The Future of Istio: the Path to Zero Trust Security

In September 2022, Istio became a CNCF incubation project and launched the new Ambient Mesh. With CNCF’s strong community and marketing resources, and Ambient Mesh further lowering the barrier to trying Istio, the five year old open source project has been revitalized.

If you don’t know about service mesh and Istio, or are curious about the future of Istio, this eBook—The Current State and Future of the Istio Service Mesh will give you the answers. The following is an excerpt from the book. In my view, the future of Istio lies in being the infrastructure for zero-trust network and hybrid cloud.

Zero Trust

Zero trust is an important topic, including when I spoke at IstioCon 2022. Istio is becoming an important part of zero trust, the most important element of which is identity-oriented control rather than network-oriented control.

What Is Zero Trust?

Zero trust is a security philosophy, not a best practice that all security teams follow in the same way. The concept of zero trust was proposed to bring a more secure network to the cloud-native world. Zero trust is a theoretical state where all consumers within a network not only have no authority but also have no awareness of the surrounding network. The main challenges of zero trust are the increasingly granular authorization and the need for a time limit for user authorization.

Authentication

Istio 1.14 adds support for the SPIFFE Runtime Environment (SPIRE). SPIRE, a CNCF incubation project, is an implementation of the Secure Production Identity Framework for Everyone (SPIFFE), also a CNCF Incubation Project. In Kubernetes, we use ServiceAccount to provide identity information for workloads in Pods, and its core is based on Token (using Secret resource storage) to represent workload identity. A token is a resource in a Kubernetes cluster. How to unify the identities of multiple clusters and workloads running in non-Kubernetes environments (such as virtual machines)? That’s what SPIFFE is trying to solve.

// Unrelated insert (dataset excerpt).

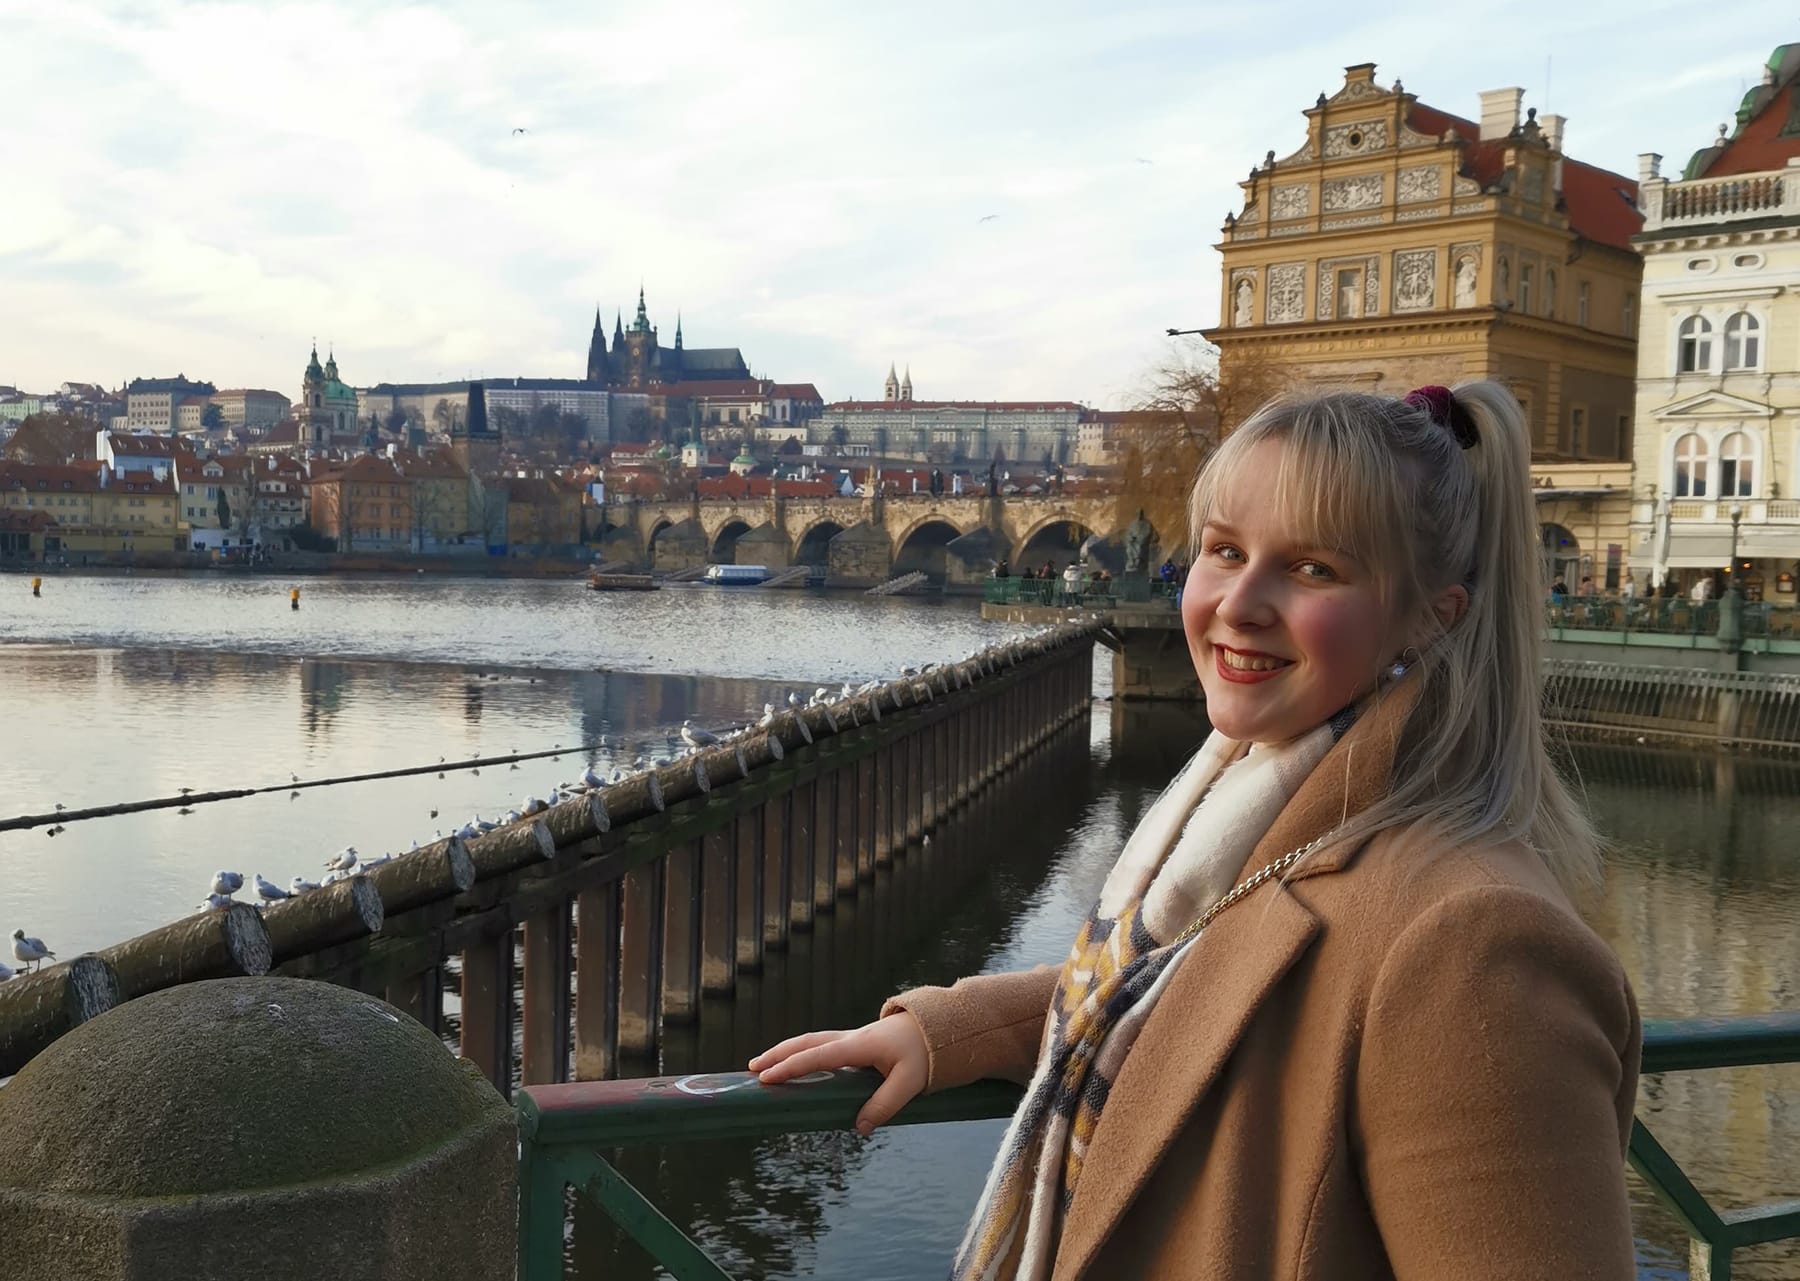 Susanna Aaltonen matkalla Vltavajoen kupeessa, jonka takana näkyy Prahan linnoitus.
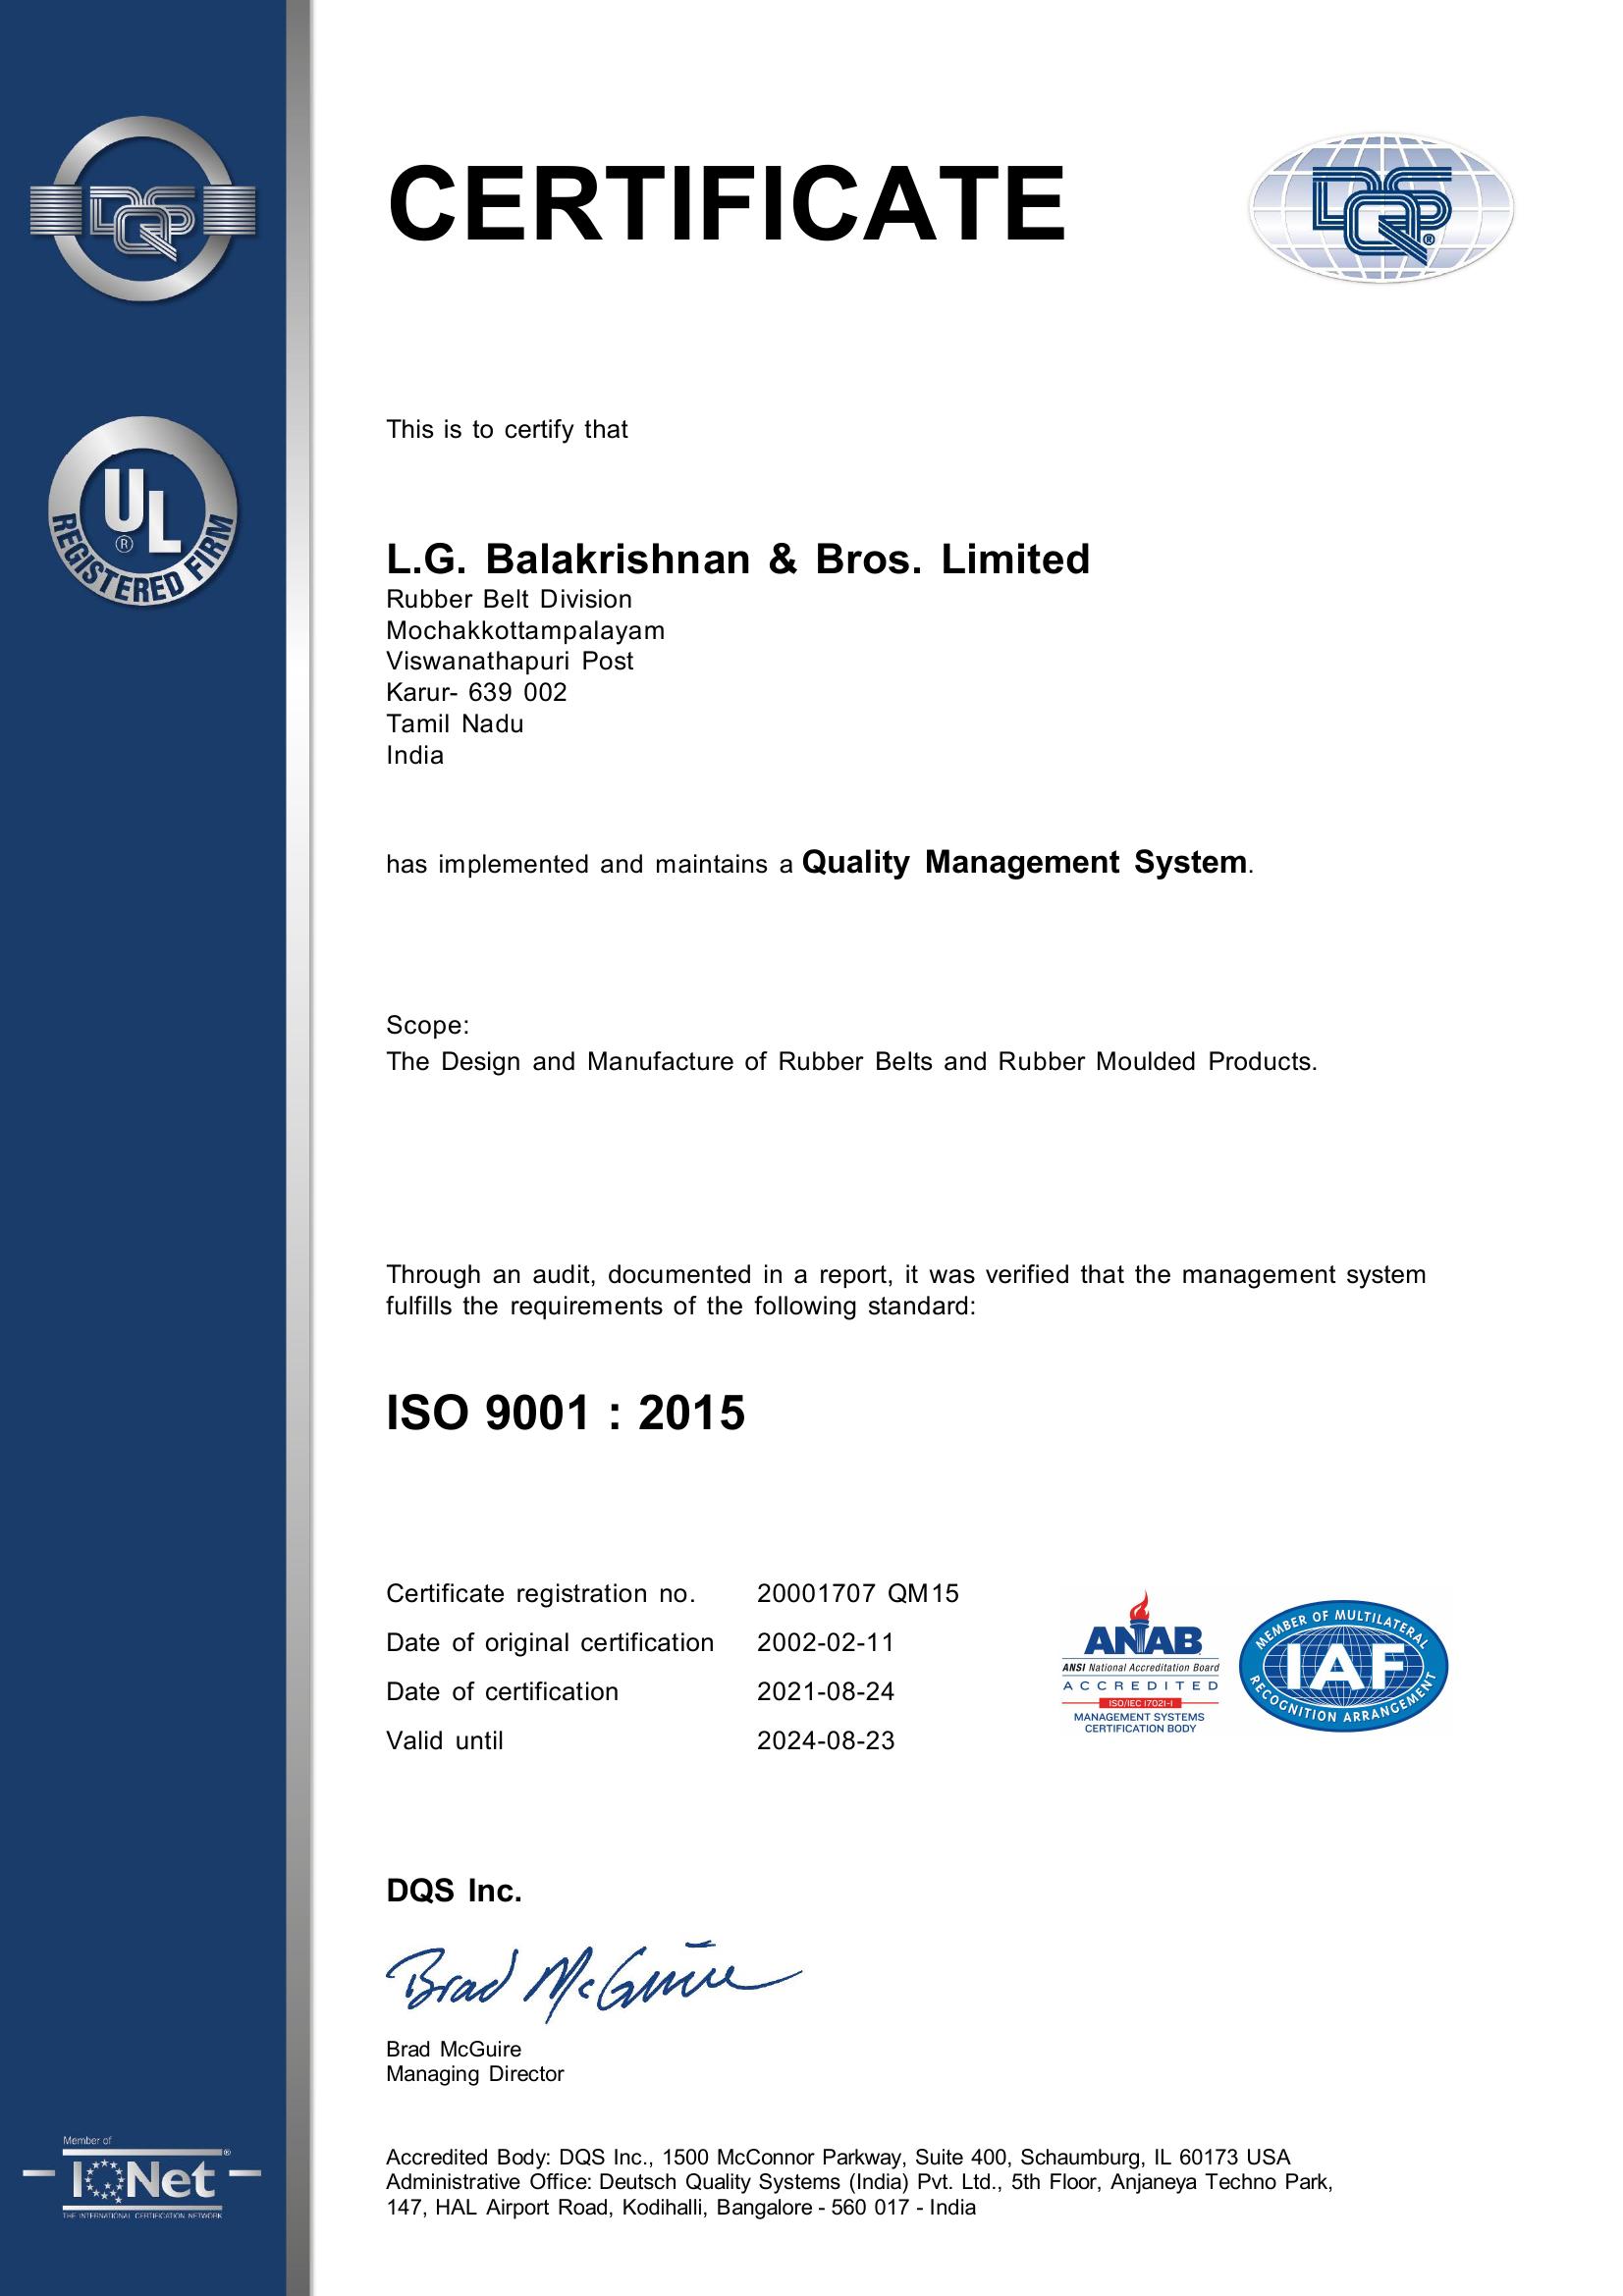 LGB RBD KARUR - ISO 9001 2015

The purpose of SPIFFE is to establish an open and unified workload identity standard based on the concept of zero trust, which helps to establish a fully identifiable data center network with zero trust. The core of SPIFFE is to define a short-lived encrypted identity document—SPIFFE Verifiable Identity Document (SVID)—through a simple API, which is used as an identity document (based on an X.509 certificate or JWT token) for workload authentication. SPIRE can automatically rotate SVID certificates and keys according to administrator-defined policies, dynamically provide workload identities, and Istio can dynamically consume these workload identities through SPIRE.

The Kubernetes-based SPIRE architecture diagram is shown below.

Istio originally used the Citadel service in Istiod to be responsible for certificate management in the service mesh, and issued the certificate to the data plane through the xDS (to be precise, SDS API) protocol. With SPIRE, the work of certificate management is handed over to SPIRE Server. SPIRE also supports the Envoy SDS API. After we enable SPIRE in Istio, the traffic entering the workload pod will be authenticated once after being transparently intercepted into the sidecar. The purpose of authentication is to compare the identity of the workload with the environment information it runs on (node, Pod’s ServiceAccount and Namespace, etc.) to prevent identity forgery. Please refer toHow to Integrate SPIRE in Istio to learn how to use SPIRE for authentication in Istio.

We can deploy SPIRE in Kubernetes using the Kubernetes Workload Registrar, which automatically registers the workload in Kubernetes for us and generates an SVID. The registration machine is a Server-Agent architecture, which deploys a SPIRE Agent on each node, and the Agent communicates with the workload through a shared UNIX Domain Socket. The following diagram shows the process of using SPIRE for authentication in Istio.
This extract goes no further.